In contrast, with the exception of placebo and interferon-based therapies, the CrIs for the values derived in the adjusted analyses all contain the observed trial values, and the RR estimates are close to the trial values once the 018 Study Group data are removed (Figures 3 and 4). Hence, we would argue that the adjusted results are of greater clinical relevance than the unadjusted results.
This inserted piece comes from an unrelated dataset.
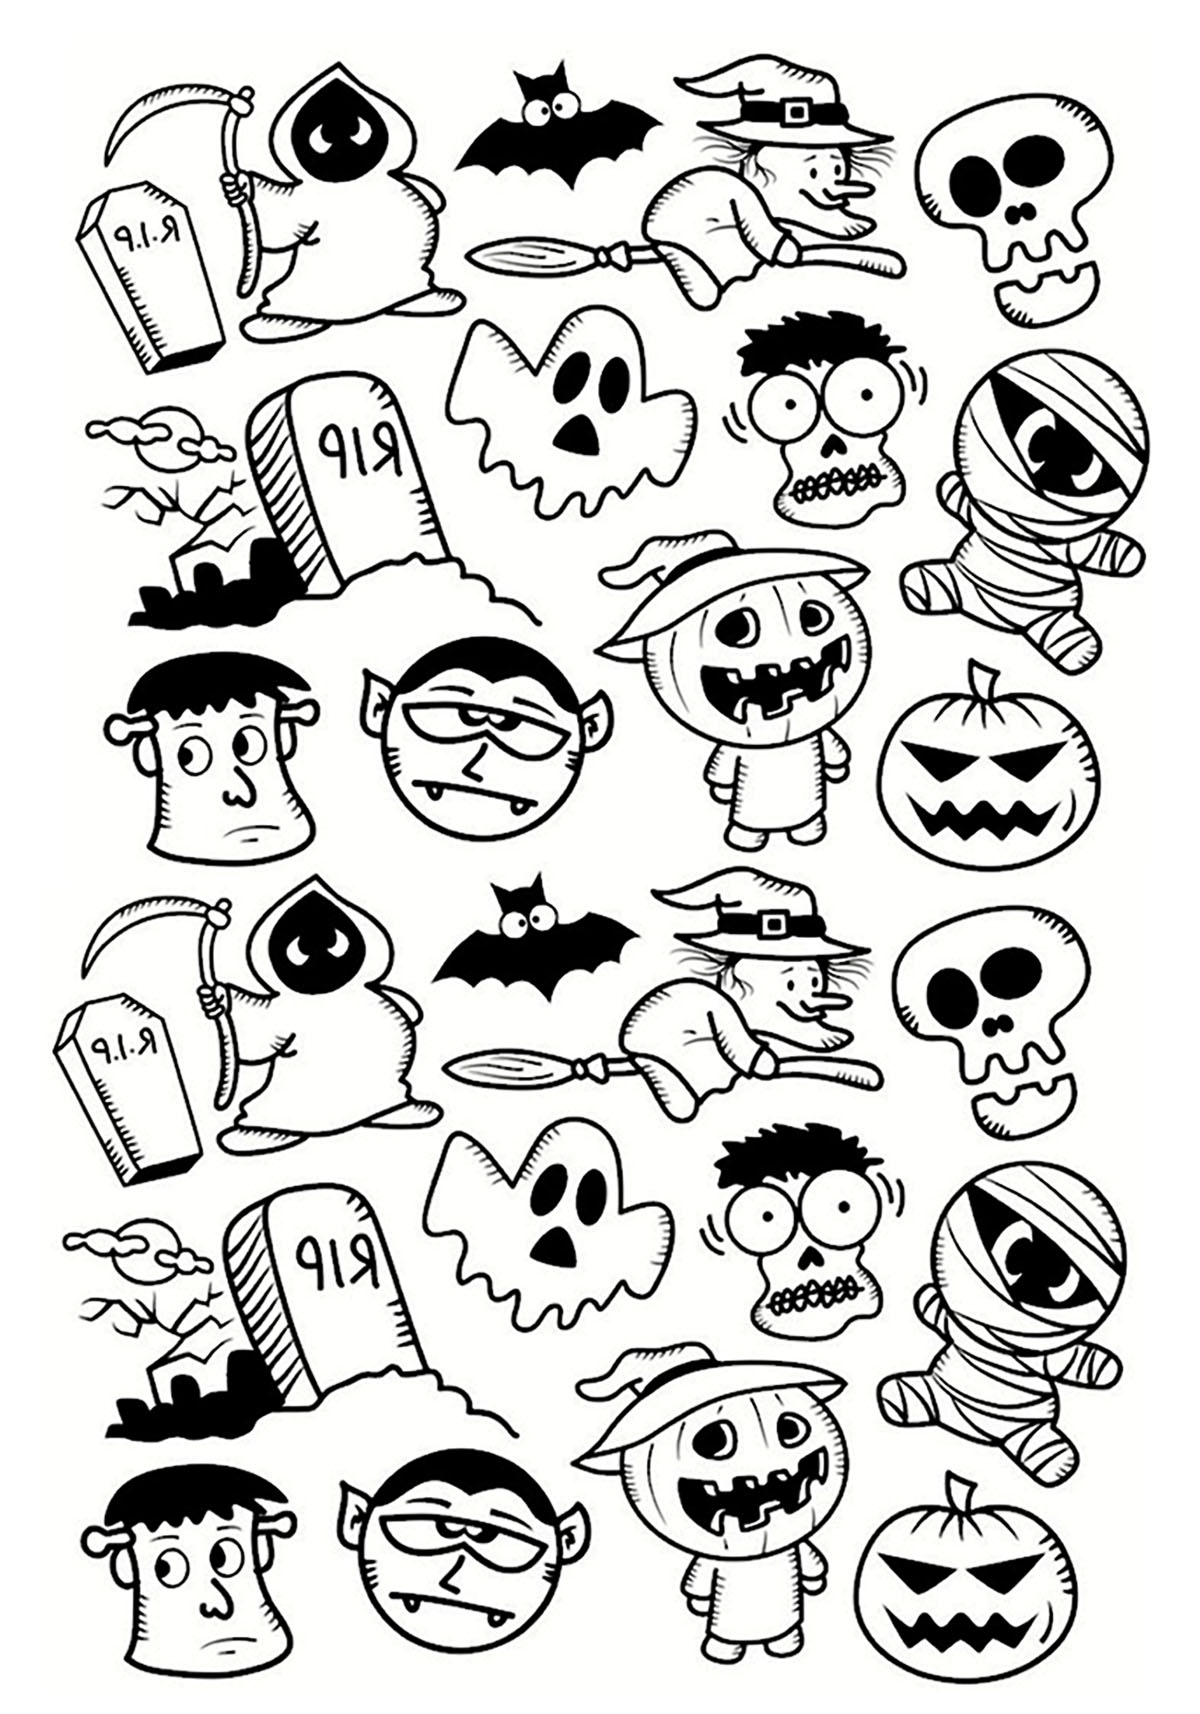 Páginas para colorear de Halloween gratis para descargar

Generating ‘like-for-like’ estimates of relative efficacy by controlling for covariates believed to be modifiers of relative treatment effects is not just of clinical interest but is essential for the purposes of reimbursement decisions. Such estimates are used by agencies such as the National Institute for Health and Care Excellence in their appraisal processes when assessing the clinical efficacy in a given disease area . In addition, such values are also used in economic models to evaluate the cost-effectiveness of interventions. A number of such models have been developed in CHB [55–59], of which one  used the results from their unadjusted analysis directly as model inputs. Another  used UVL as a surrogate variable for risk of cirrhosis using information from the REVEAL-HBV study , which quantified the relationship between HBV DNA and the likelihood of being diagnosed with cirrhosis. Overestimation of virologic response would thus correspond to underestimation of the likelihood of cirrhosis, which has been identified as a key driver of cost-effectiveness.
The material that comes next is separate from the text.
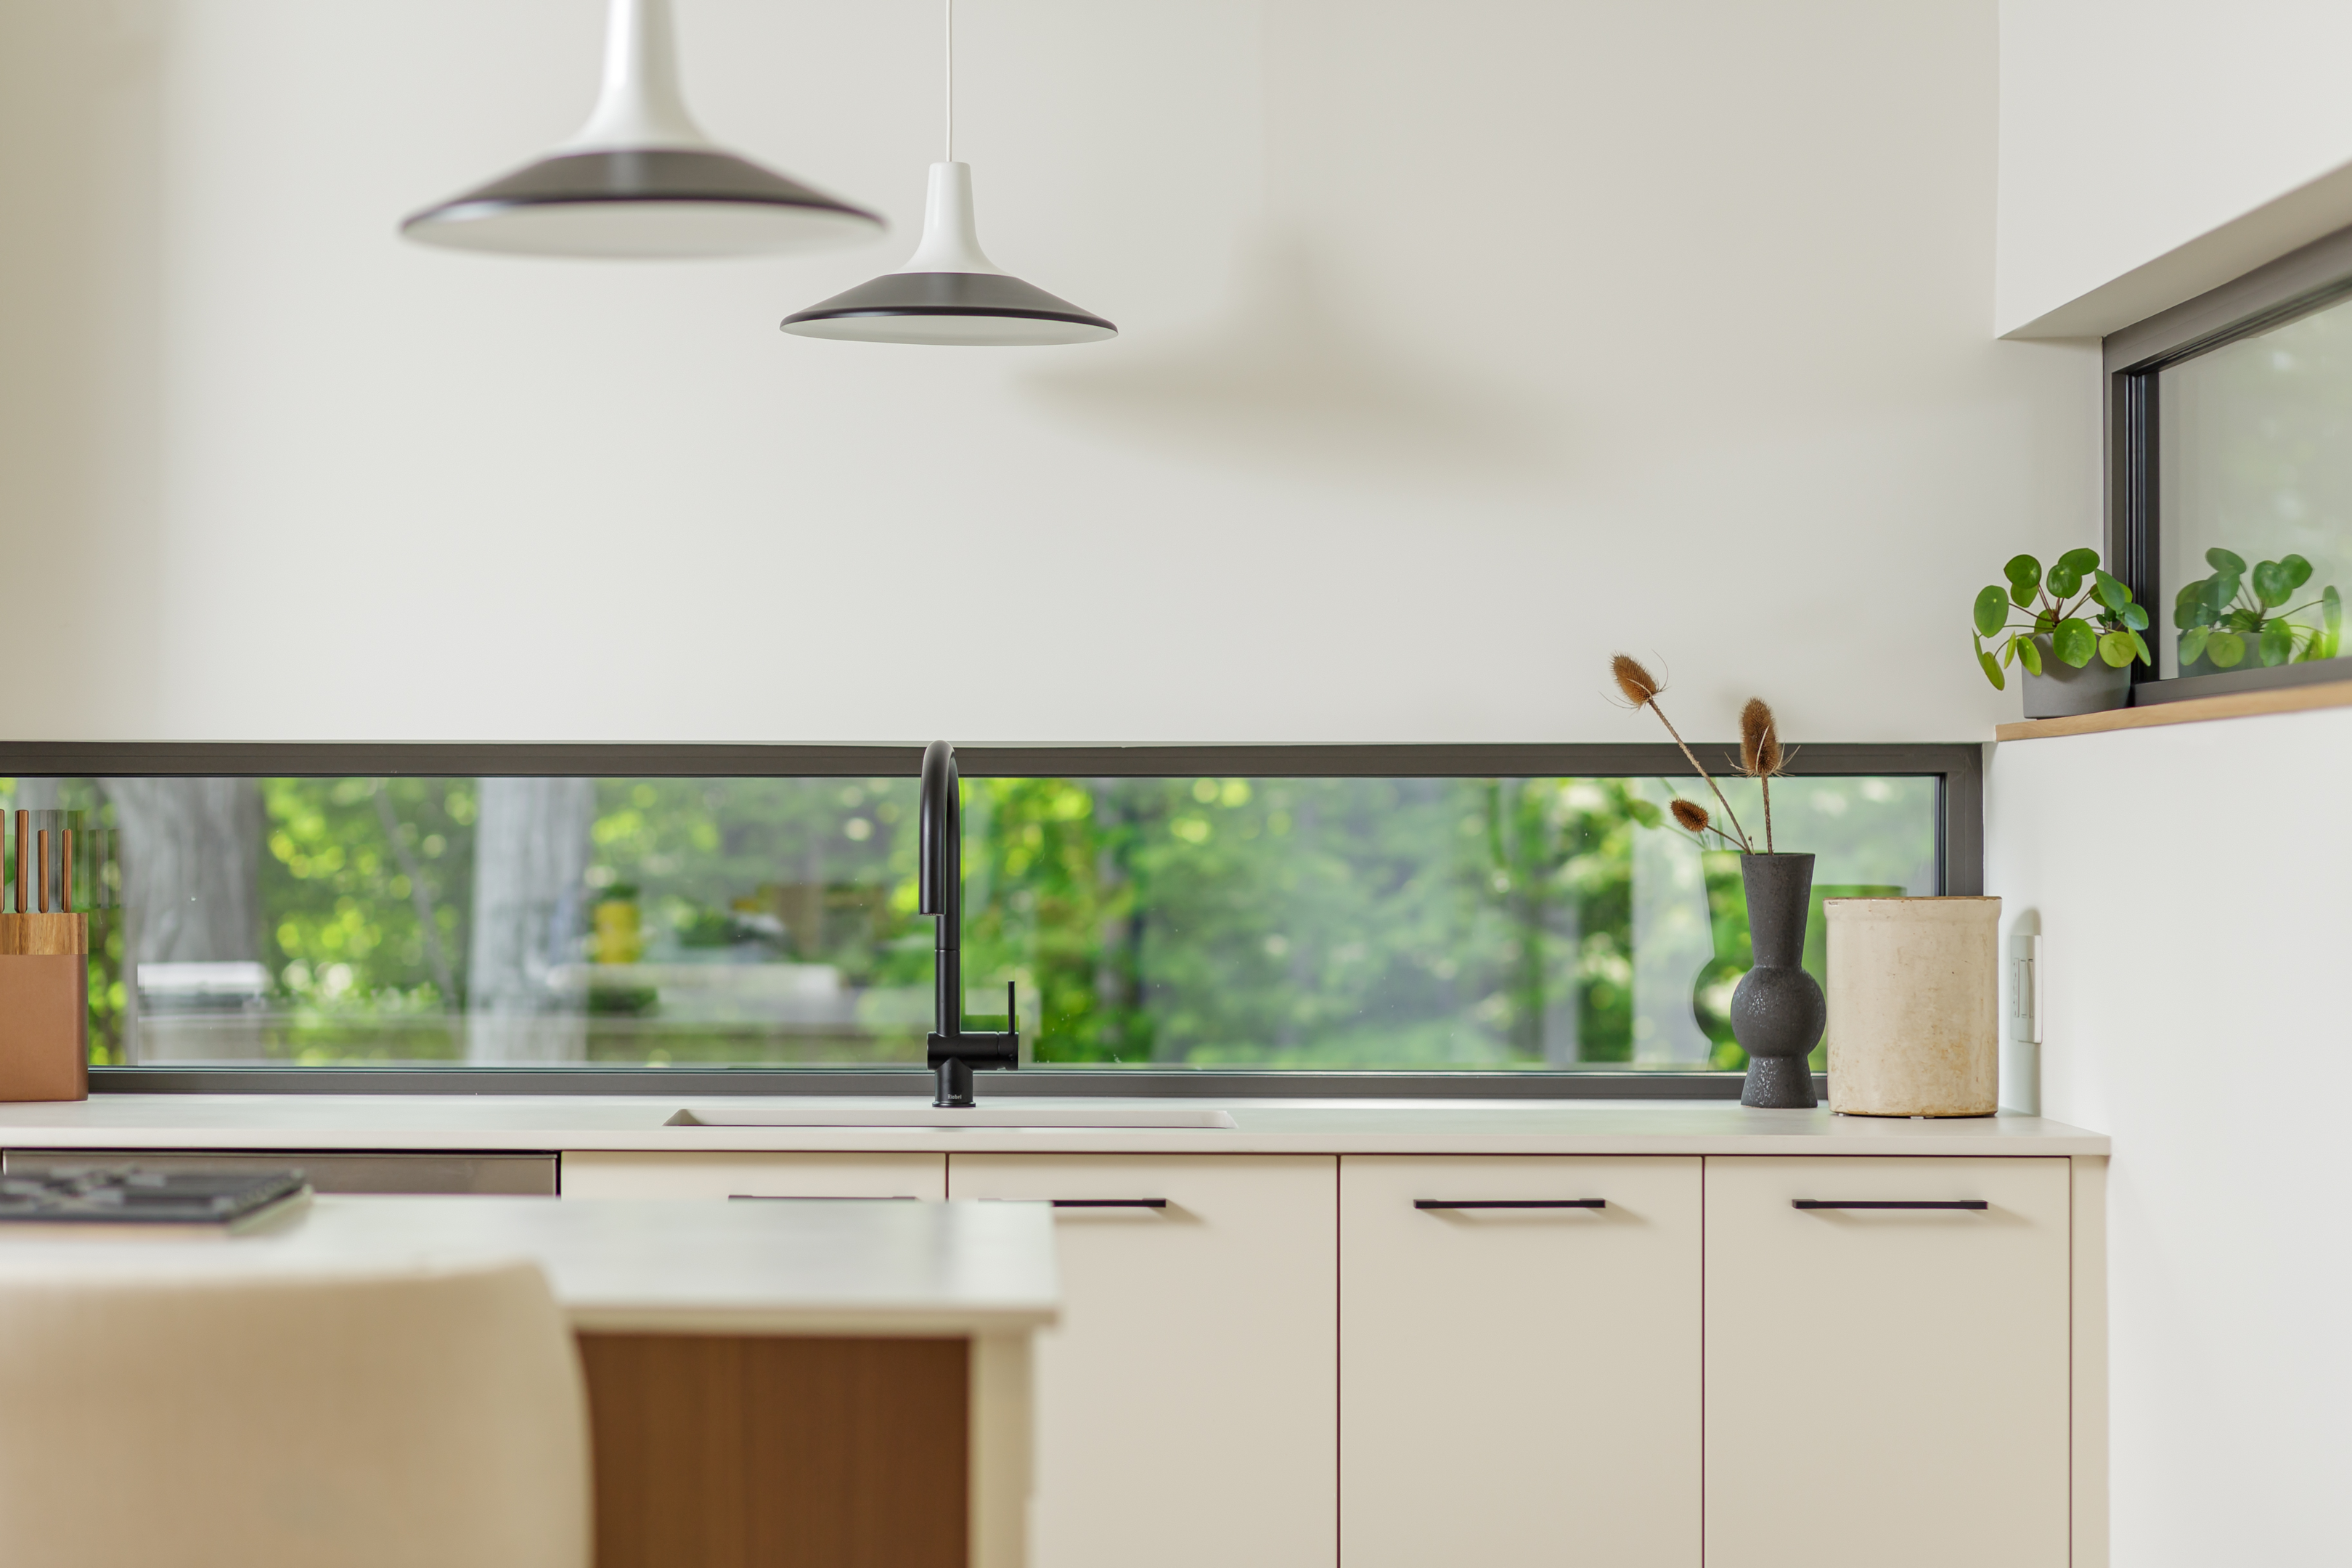 modern minimalist kitchen

Despite the review finding a decent number of studies overall, as can be seen from Figure 2, the presence of a large number of treatment options means that the majority of the branches in the network are informed by the findings of a single study. This increases the uncertainty surrounding all results and means that baseline imbalances in other potential treatment effect modifiers may have influenced the results.
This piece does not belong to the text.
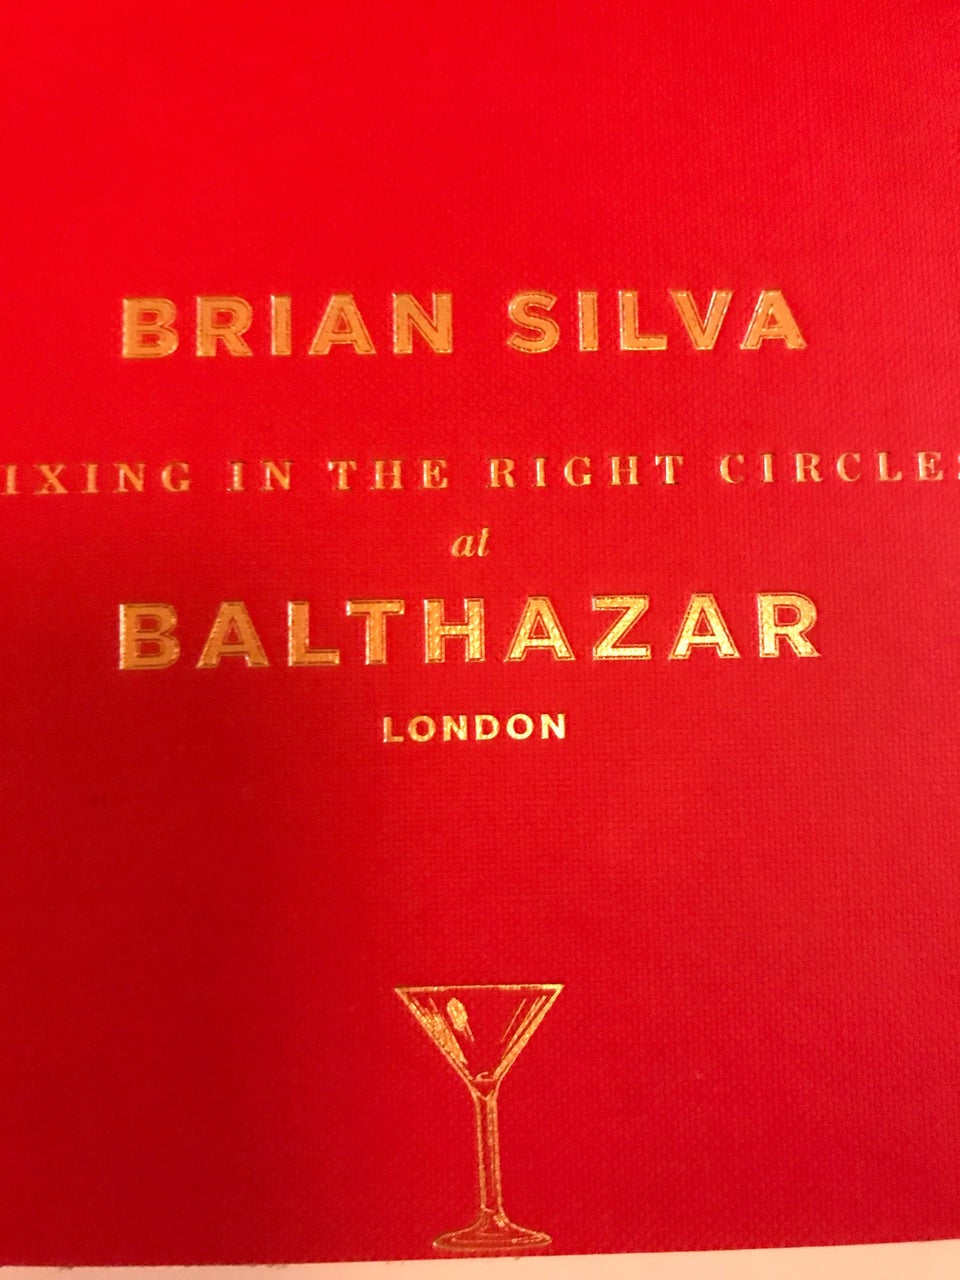 Photo of Balthazar

Further work is needed to complement the work contained in this paper in connection with the achievement of UVL at 1 year in order to explore the impact of other potentially clinically relevant covariates on the relative effects of comparators and the probability of achieving UVL. Exploring the impact of other areas of potential heterogeneity (for example, study design, impact of different LLOQ definitions) is also important. In addition, Ali and collagues  identified the time of assessment as a treatment effect modifier in addition to baseline viral load. The studies included in this analysis were very similar in terms of assessment times and so the exclusion of this variable is likely to have had a modest effect. Nonetheless, it would be interesting to replicate the analyses contained in this paper when controlling for these slight differences. Furthermore, expanding this type of analysis to other clinically relevant endpoints is also worthwhile.